**PROBLEM DESCRIPTION**
An exact transcription is needed of the lines below from the one with "integration do not" through the one with "The Future of Communication", with no other lines and no pictures.

**INPUT RECORDS**
------------------------------------------------------------

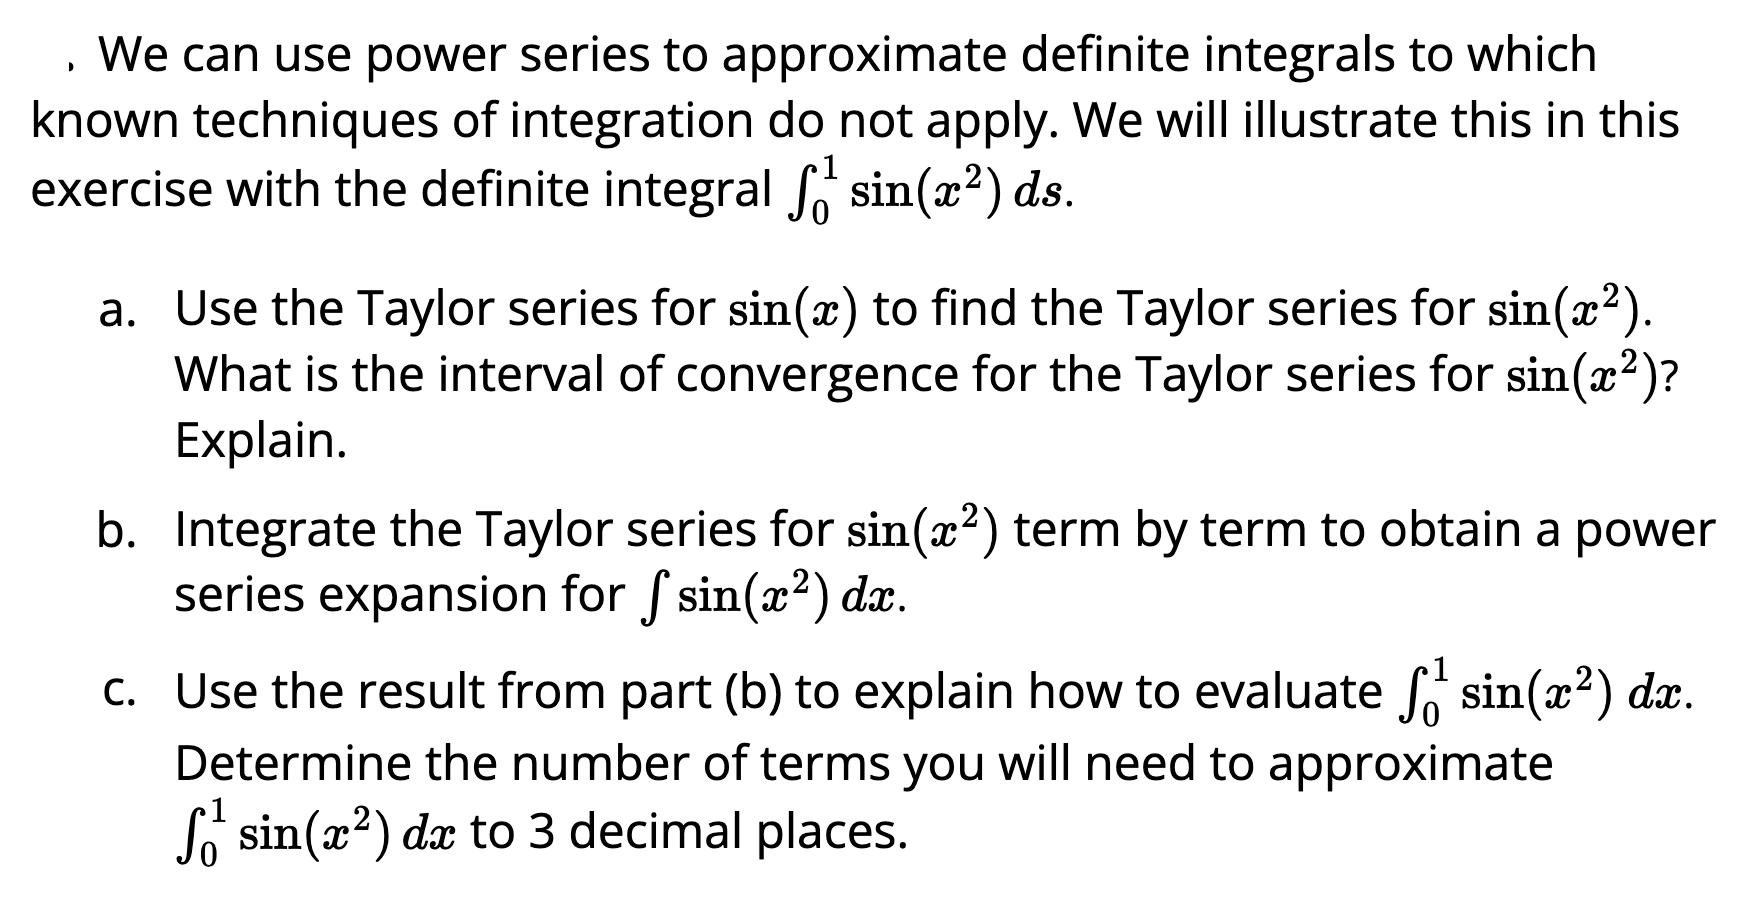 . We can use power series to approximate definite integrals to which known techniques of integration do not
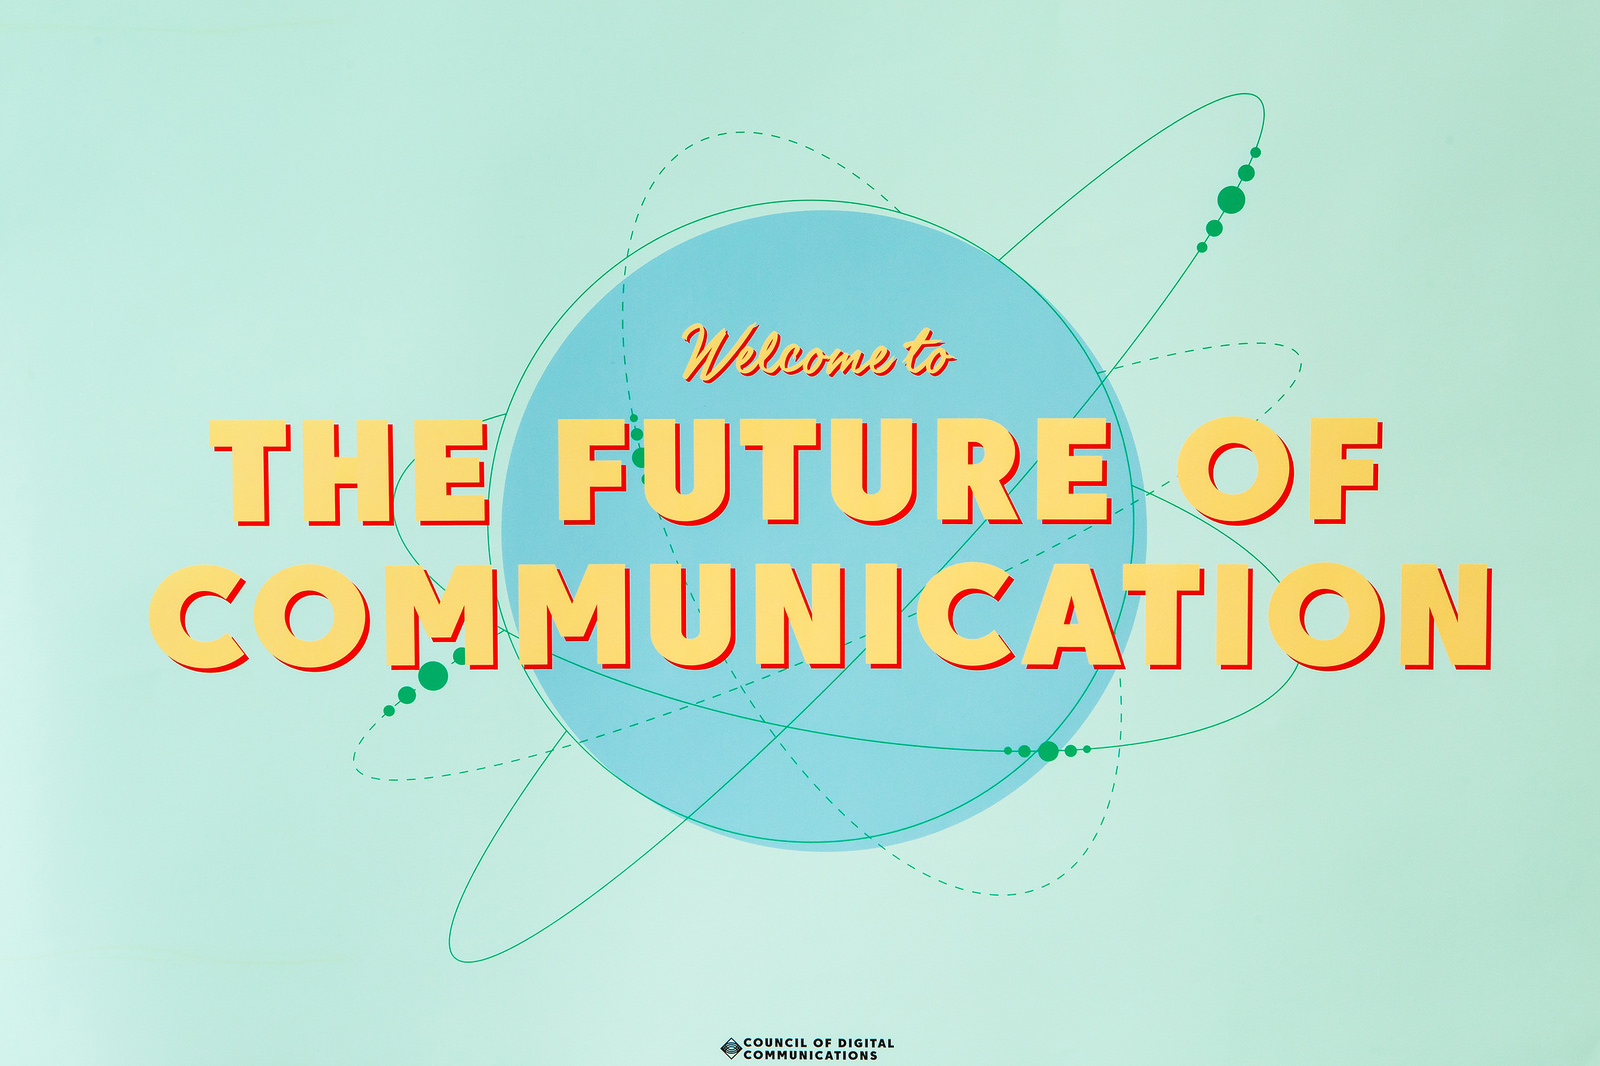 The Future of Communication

------------------------------------------------------------

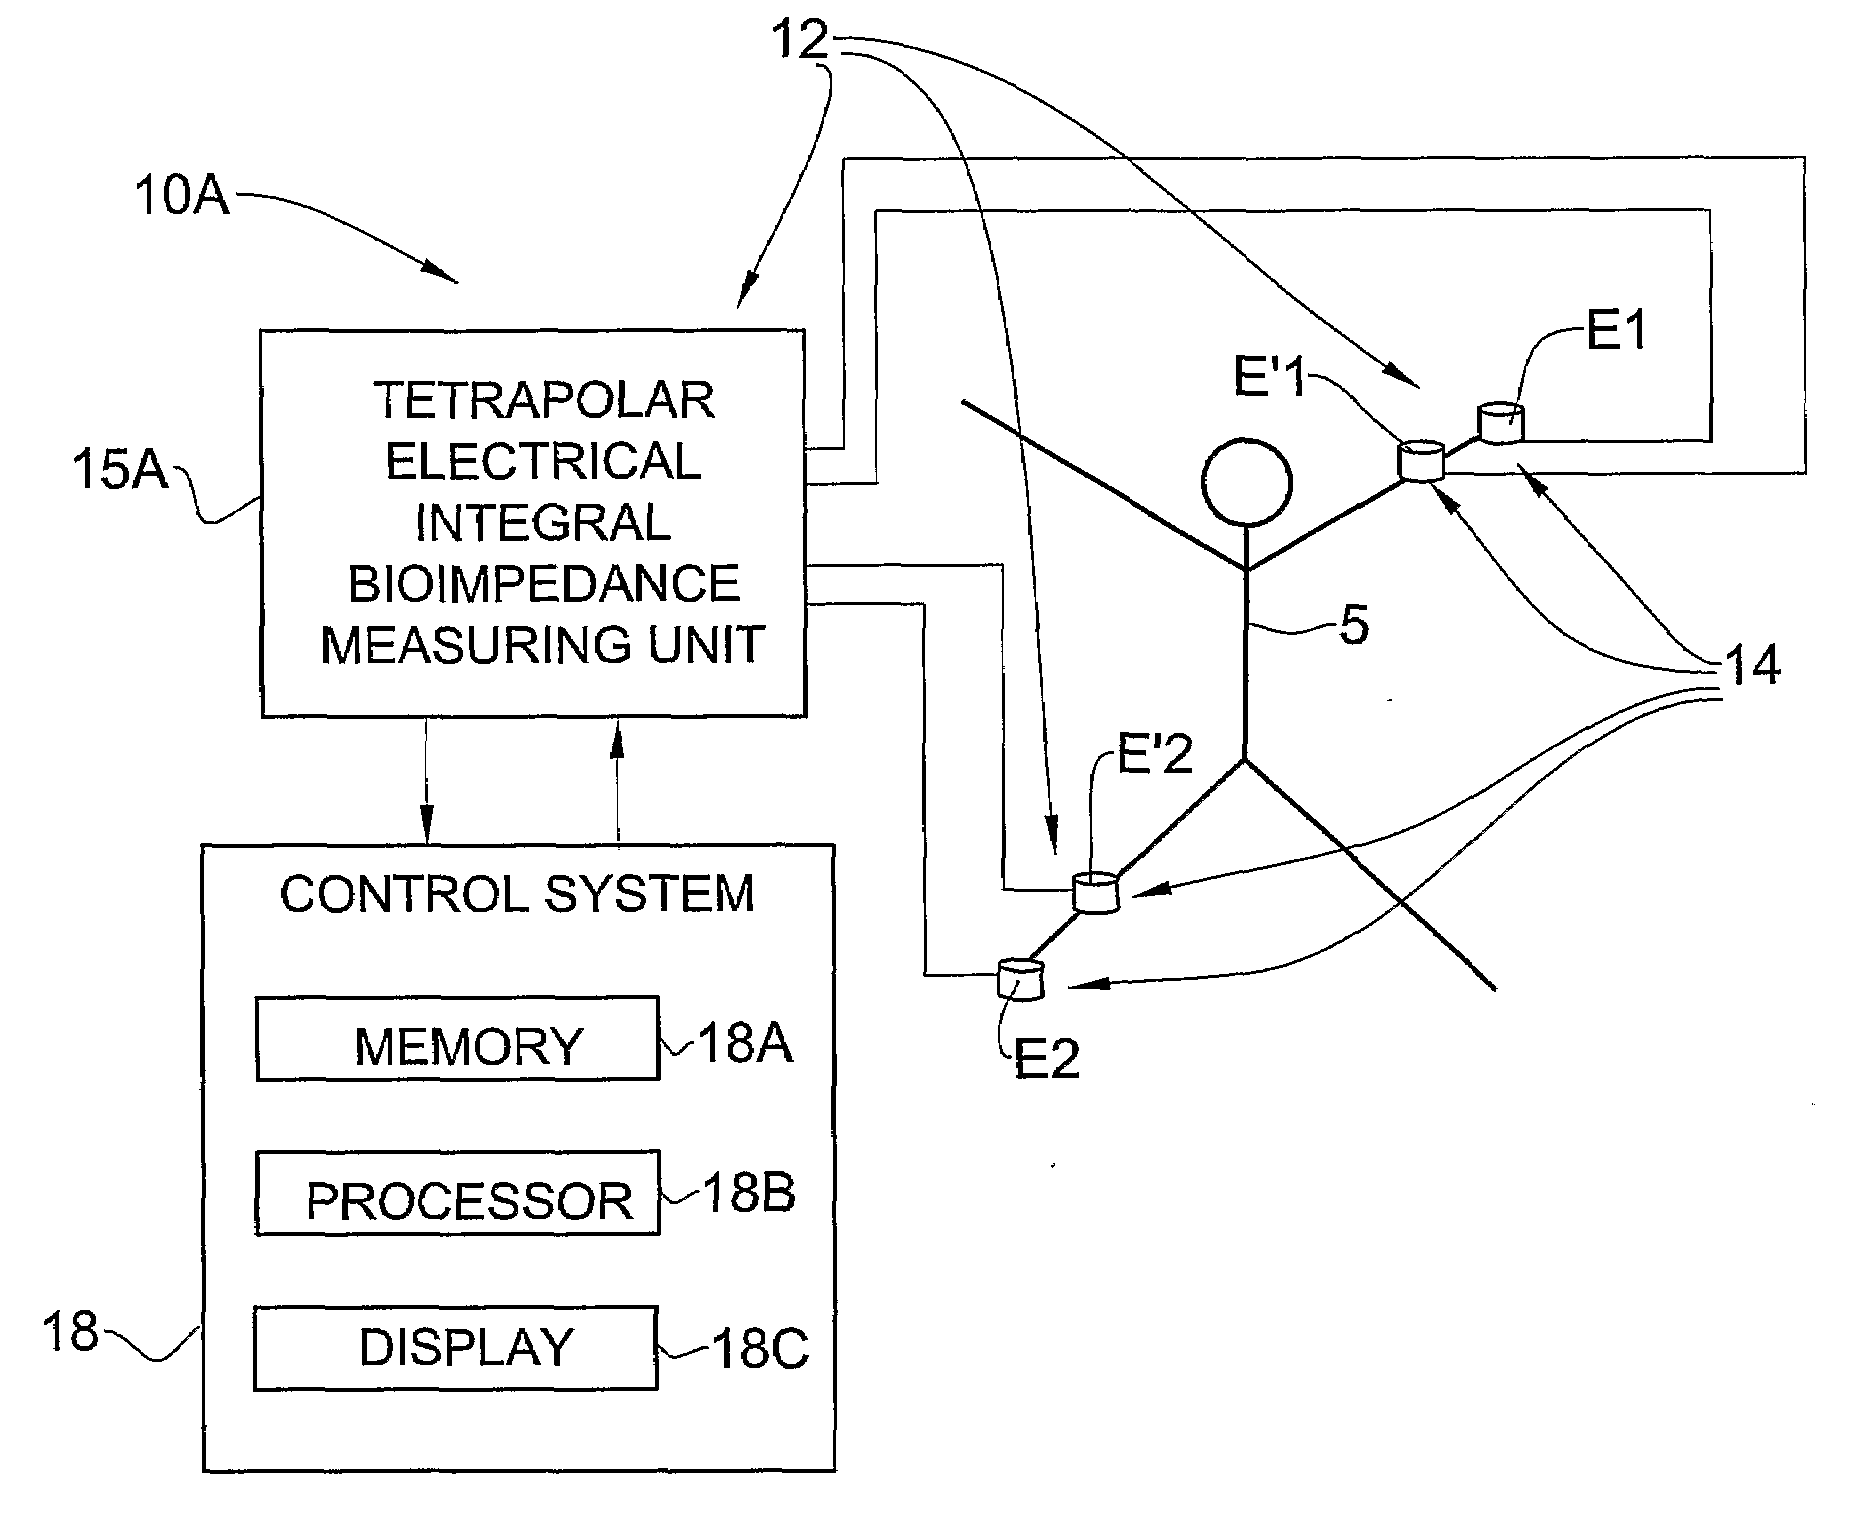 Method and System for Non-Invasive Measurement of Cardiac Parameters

------------------------------------------------------------

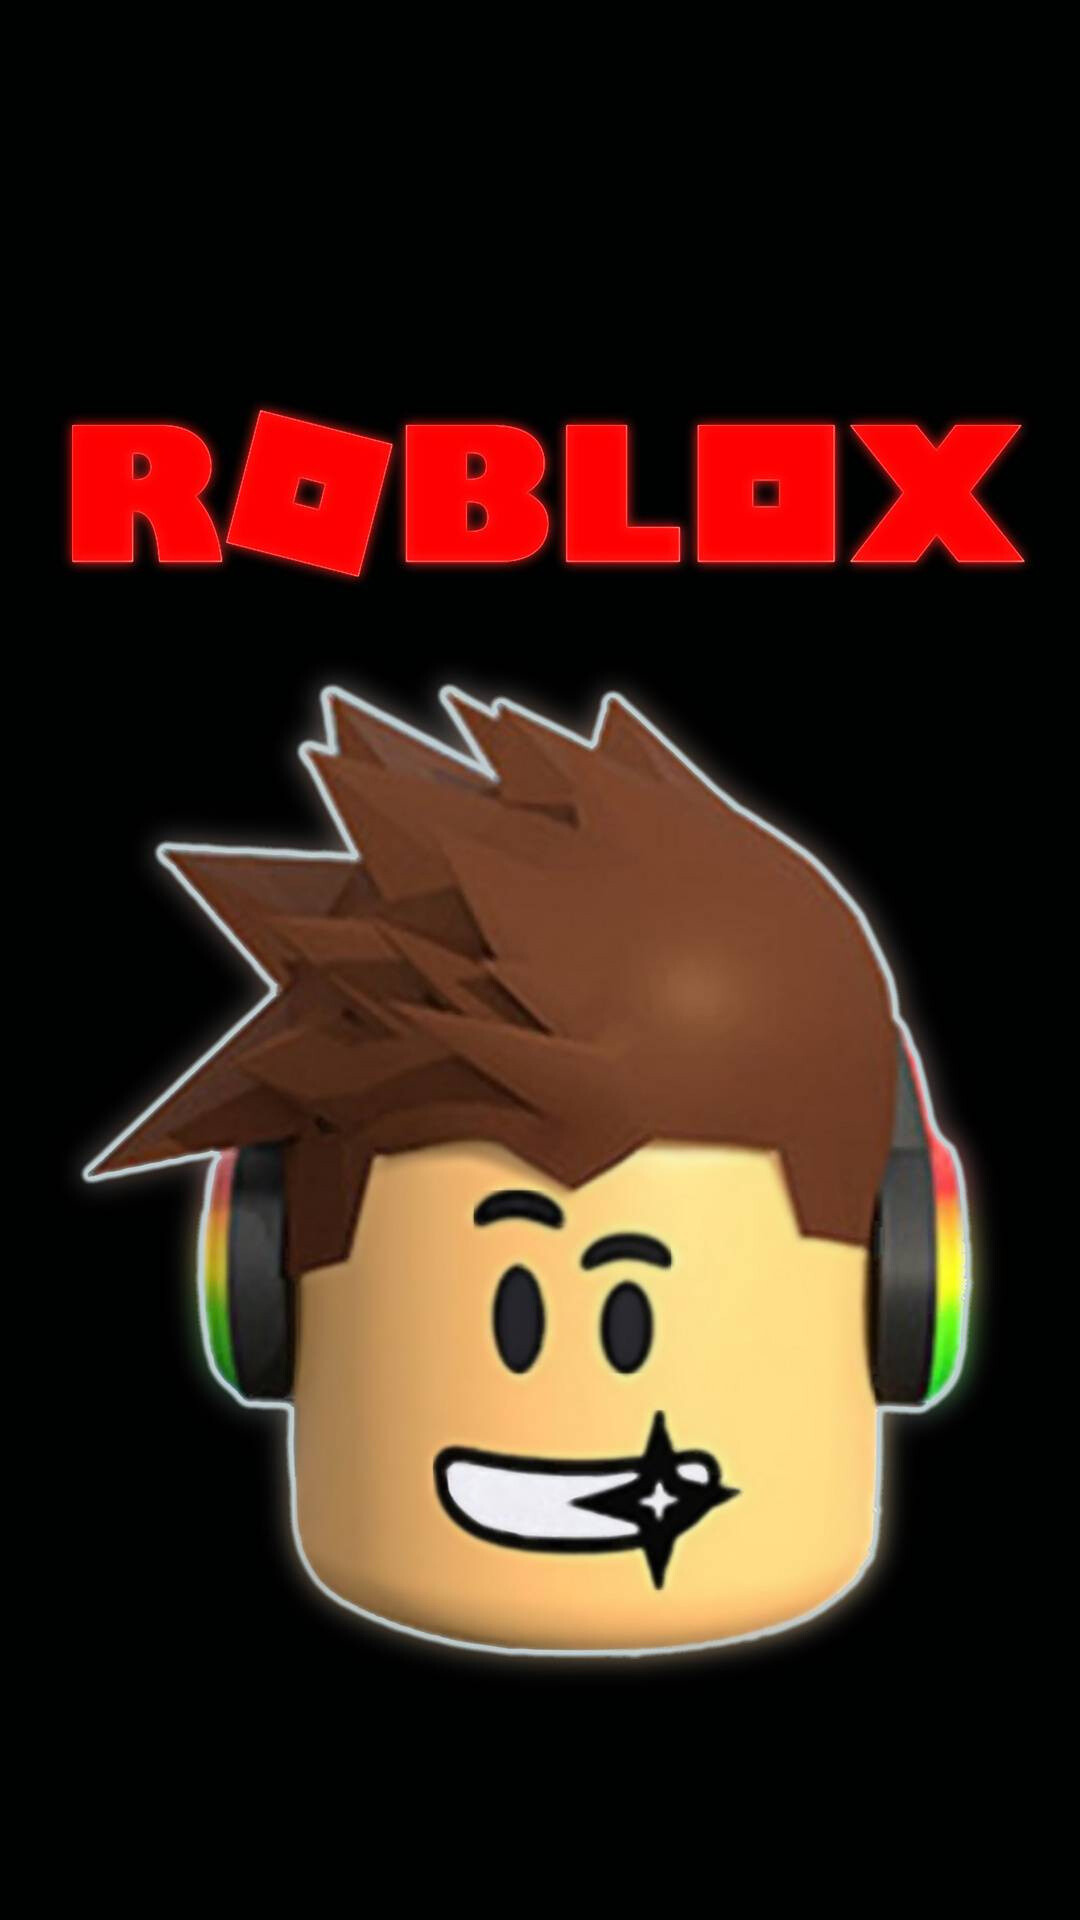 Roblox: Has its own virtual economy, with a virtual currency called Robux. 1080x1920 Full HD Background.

------------------------------------------------------------

**RESULT FOR THIS EXERCISE**
 . We can use power series to approximate definite integrals to which known techniques of integration do not
 The Future of Communication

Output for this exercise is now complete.